Deciding what to work on next is the most challenging aspect of a startup.<...>

There's always so many good things you could be doing. But how do you prioritise all of these?

We all know that startups have to make do with scarce resources (time / money / both) initially, which means focusing on the highest value or highest impact tasks is the only way to move from A to B.

The challenge is one of chaos and finding some kind of framework within you can make sense of that chaos.

The framework that has tended to work for us at Receiptful has been to be as strict and rigid as possible in focusing on our priorities (something I try do in my personal life too). Whilst it's not without it's challenges, I wanted to share some thoughts on how we're handling this...

1. The One Metric That Matters

Since our launch in November last year, we've been fanatical about pursuing our One Metric That Matters: the number of receipts we're sending.

What this means is that we consider every decision or task with one set of questions: Does this help us to send more receipts? How significant is that impact?

Decisions, tasks, features or partnerships that have less favourable answers to those questions are automatically de-prioritized.

Where this would be most clear is looking at our 12 - 18 month strategy and also our 3 - 6 month roadmap (where we have confirmed tasks to complete for us to reach our strategic goals 12 or 18 months down the line).

We're not perfect at applying this framework, but it is a very strong guide in our decisions, which means I'd like to think that the majority of our decisions have been better than average (judged by our traction graph below).

2. Accept when things aren't linear

Okay, so we have a roadmap based on our one metric that matters and we have a very clear vision with longer-term strategic goals. But then reality strikes and the inevitable shit hits the fan.

What happens when you start adding product bugs (of varying severity) to the mix?

What about customer feedback (because we're supposed to be constantly talking to customers and learning how to make the product more valuable to them)? What if those learnings don't align with your roadmap?

What about partnerships or new opportunities? Sometimes things happen unexpectedly and you have the choice of whether you will augment your short- or medium-term roadmap accordingly.

Or what if your team just had some new ideas that strongly contradicts past ideas and potentialy tweaks your startup's hypothesis?

Add to the mix the absolute requirement to move as quickly as possible and you have chaos theory on your hands.

In my mind there's only one action to take here: accept it. There's no framework that can conclusively mix, match & prioritise all of those considerations. That's why you have a gut-feel and you'll need to fly by that intuition.

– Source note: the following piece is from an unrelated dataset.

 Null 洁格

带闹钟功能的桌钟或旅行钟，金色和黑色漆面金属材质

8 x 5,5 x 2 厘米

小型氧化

Acceptance comes before understanding.

3. Transparently communicate priorities

As founder, I'm the one that deals with the bigger picture the most often and it's naturally my responsibility to continue shaping our course and steering the ship accordingly.

So whilst the team are doing the real work of propelling the ship forward, I'm supposed to manage or prioritise their actions. Yet I'm no micro-manager (and don't believe that any startup founder should ever be).

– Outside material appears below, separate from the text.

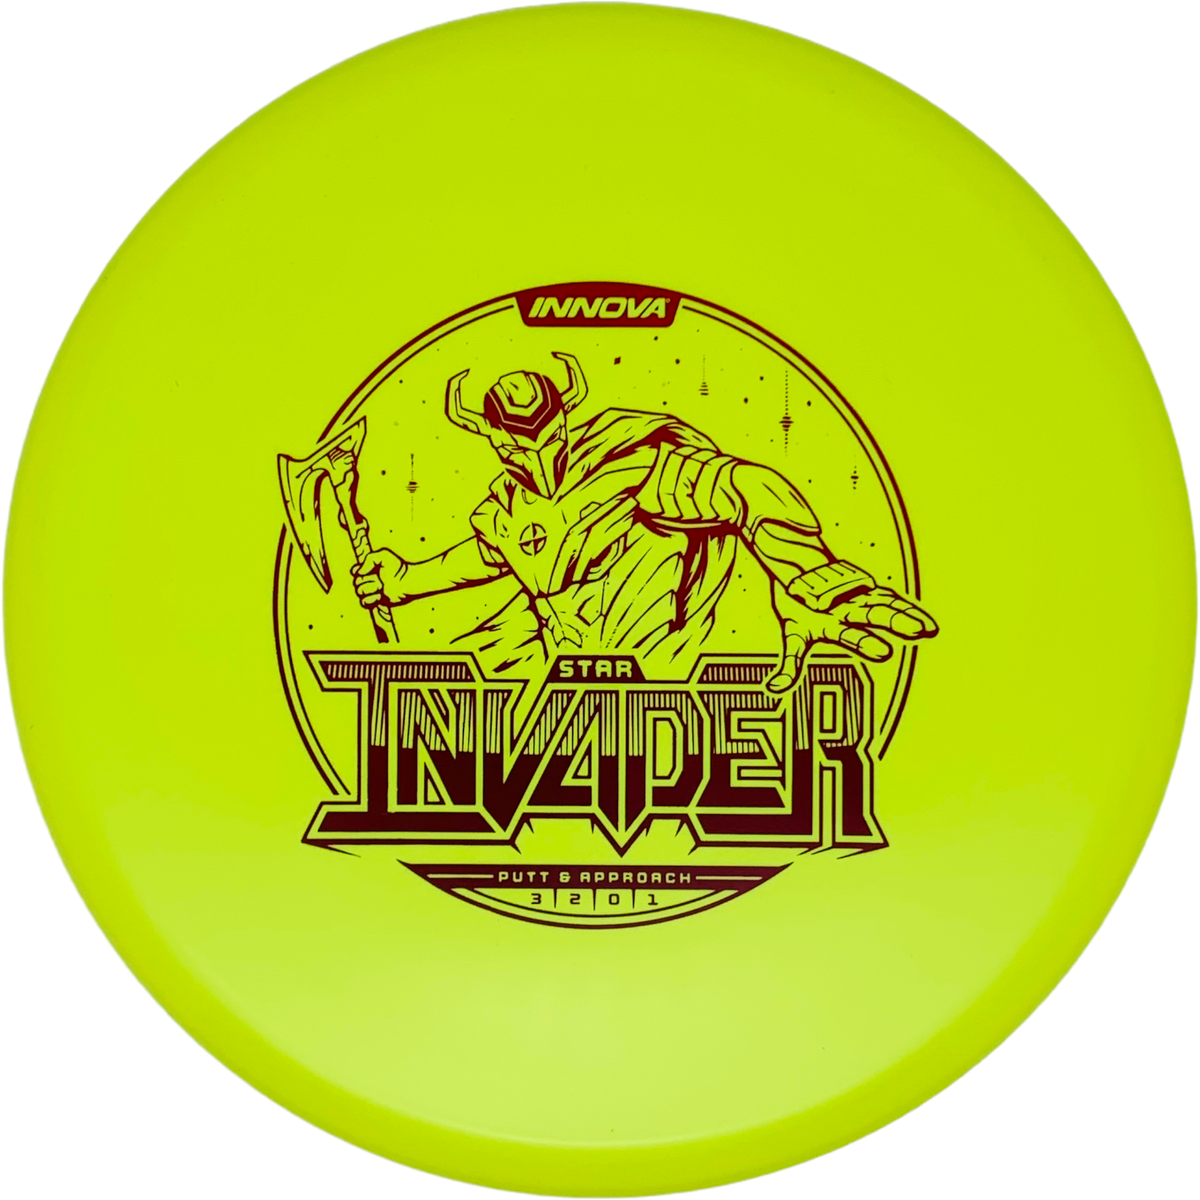 Innova Star Invader - Invader Stamp

The key is to engage one's team in decisions and always consolidate the discussion with The One Metric That Matters and ultimately the consideration of priorities.

What I've found is that openly considering and debating priorities in this regard develops a kind of internal, mental muscle. I've only been working with my team for a short while (and we're still getting to know each other), but I've already seen that when I'm not available for a day, that they've made great decisions about what to work on and how to tackle those challenges.

I have no doubt that the clarity, regularity and transparency of our communications around our dreams, goals and priorities has influenced that greatly.

4. Trust the process

My last point is a nice segue into the old cliche of trusting the process.

Ultimately you have to stick to your guns, which means trusting your (big) decisions, trusting the framework within which you evaluate those & trusting your whole team to execute on that.

Startups don't require perfection to succeed; they just require diligence. Diligently stick with your process until you reach that point where you've learnt how to augment that process or tweak the direction. And don't let a bit of (inevitable) noise throw you off course in the short-term.


Startups are not an exact science. If they were, there'd be many more millionaires. :)

It's a journey and most things that happen within a startup don't have a binary best or worst decision or action.

Figure out what your priorities are and use that as the middle of your universe: something to stabilise some of the guidance and guide you through the consequent challenges.